Single-nucleus and spatial transcriptomic profiling of human temporal cortex and white matter reveals key associations with AD pathology
Pallavi Gaur, Julien Bryois, Daniela Calini, Lynette C. Foo, Jeroen J.M. Hoozemans, Archana Yadav, Dheeraj Malhotra, Vilas Menon
Abstract
Alzheimer’s disease, the leading cause of dementia in the elderly, is a neurodegenerative disorder that has been studied to uncover therapeutic pathways through its molecular and cellular hallmarks. Here, we present a comprehensive investigation of cellular heterogeneity from the temporal cortex region of 40 individuals, comprising healthy donors and individuals with differing AD pathology. Using single-nucleus transcriptomic analysis of 430,271 nuclei from both gray and white matter of these individuals, we identified cell type-specific subclusters in both neuronal and glial cell types with varying degrees of association with AD pathology.
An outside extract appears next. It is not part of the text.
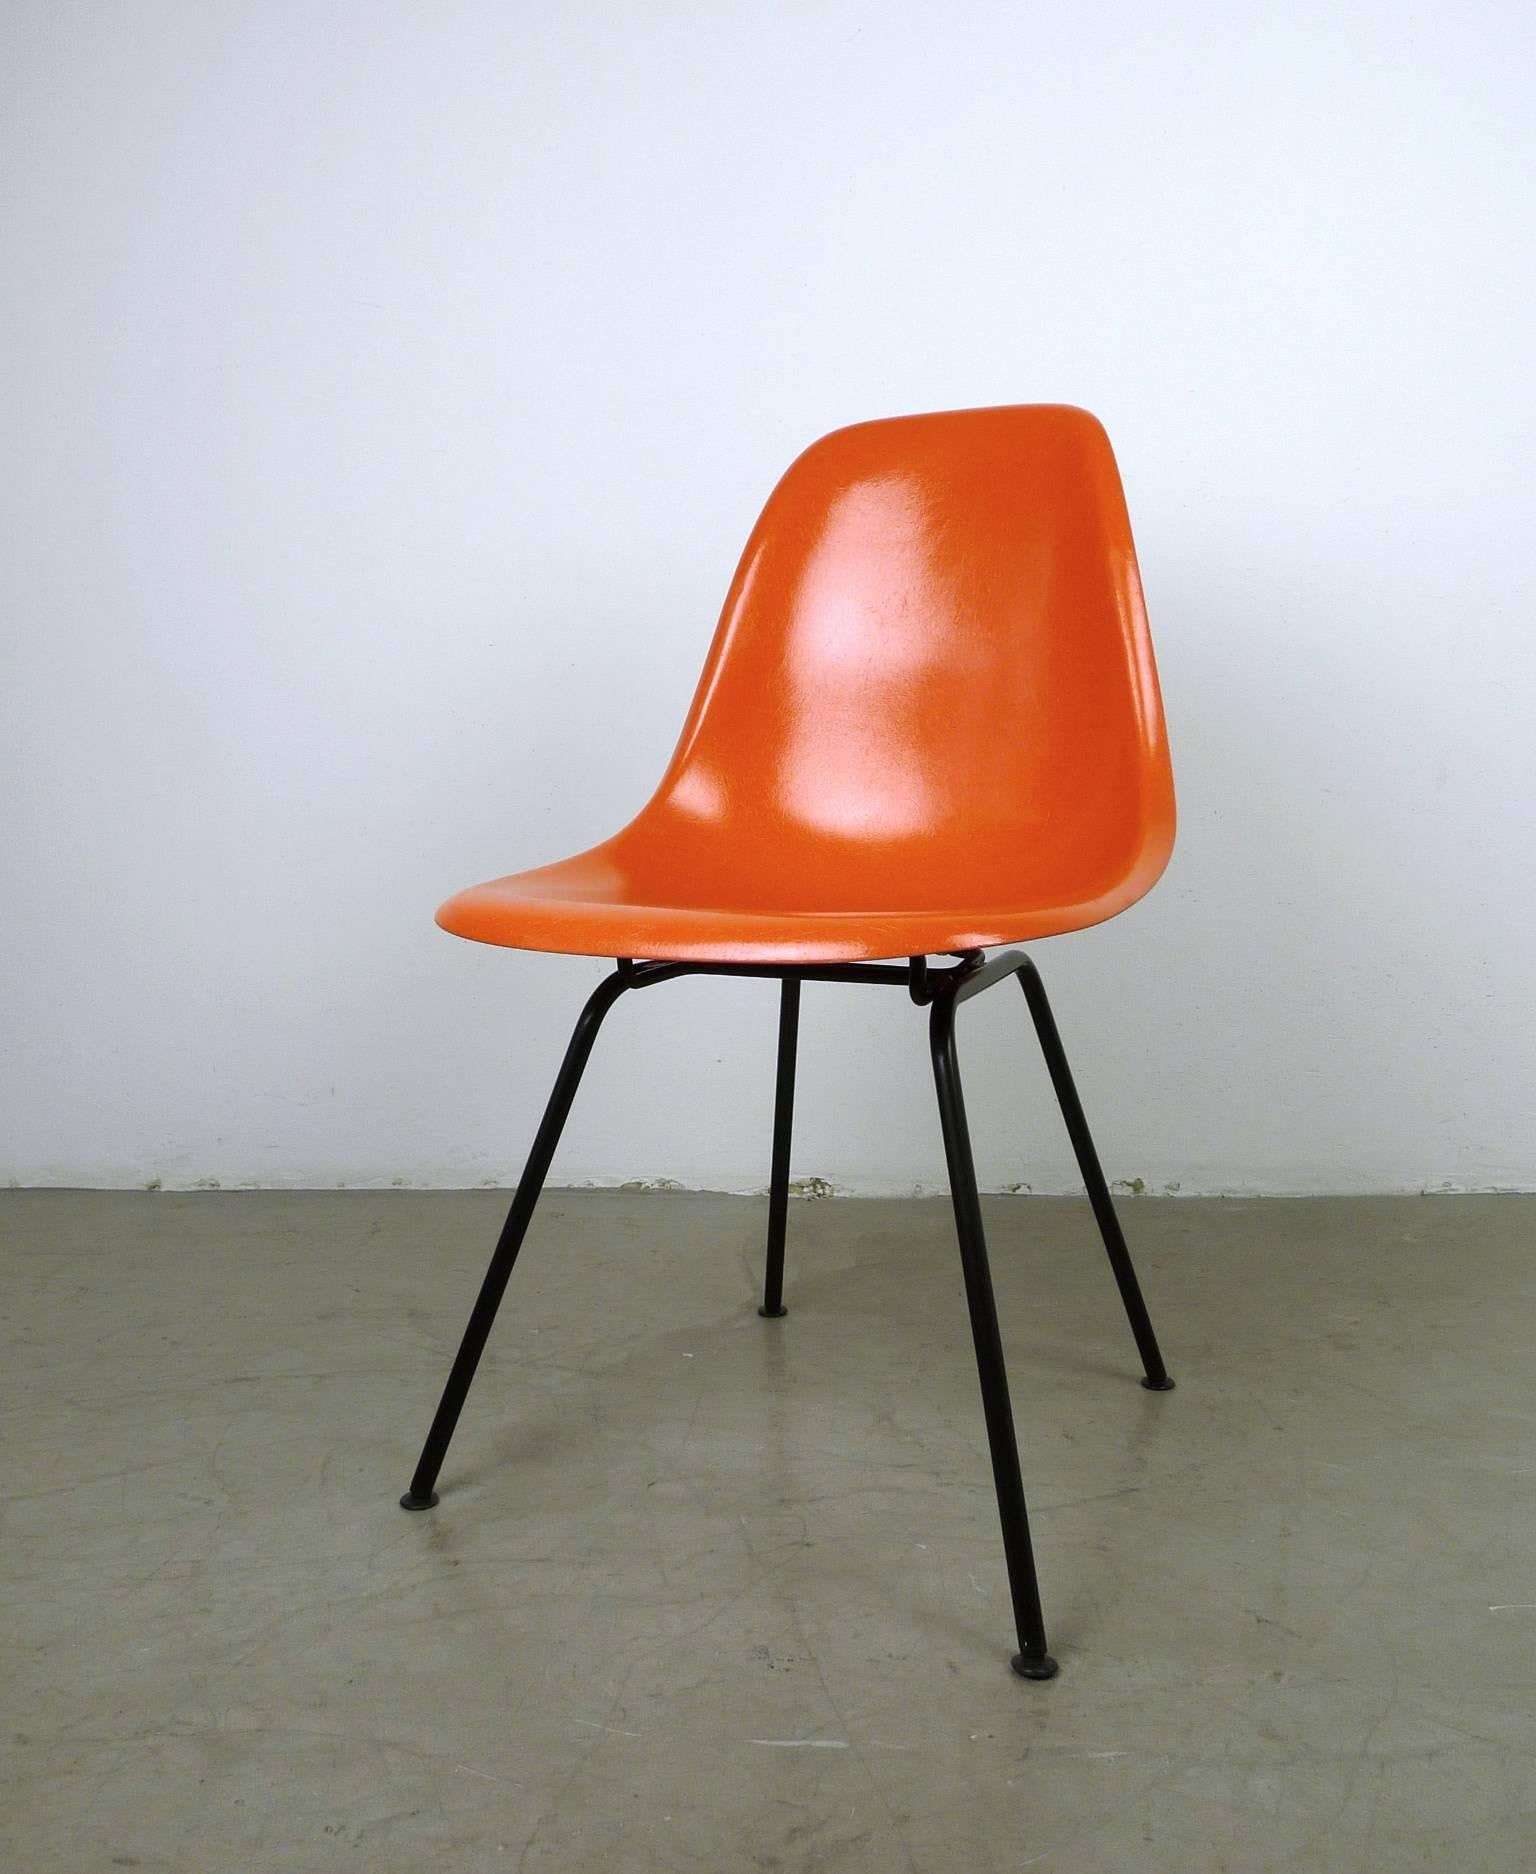 This 'Dining Height Side Chair X-Base' (DSX) with an orange fiberglass seat and a black base was designed by Ray and Charles Eames and produced by Herman Miller in the United States in the 1970s. The chair is in very good condition.

We extended this analysis by performing multiplexed in situ hybridization using the CARTANA platform, capturing 155 genes in 13 individuals with differing tau pathology. We not only replicated snRNA data key findings from our spatial data analysis but also identified a set of cell type-specific genes that show selective enrichment or depletion near pathological inclusions. While the pathogenesis of Alzheimer’s disease (AD) has been extensively studied, the predominant focus has traditionally been on gray matter alterations. Here, authors use single-nucleus and spatial transcriptomic profiling of the human brain’s temporal cortex and white matter to uncover cell type specific changes and their associations with Alzheimer’s pathology.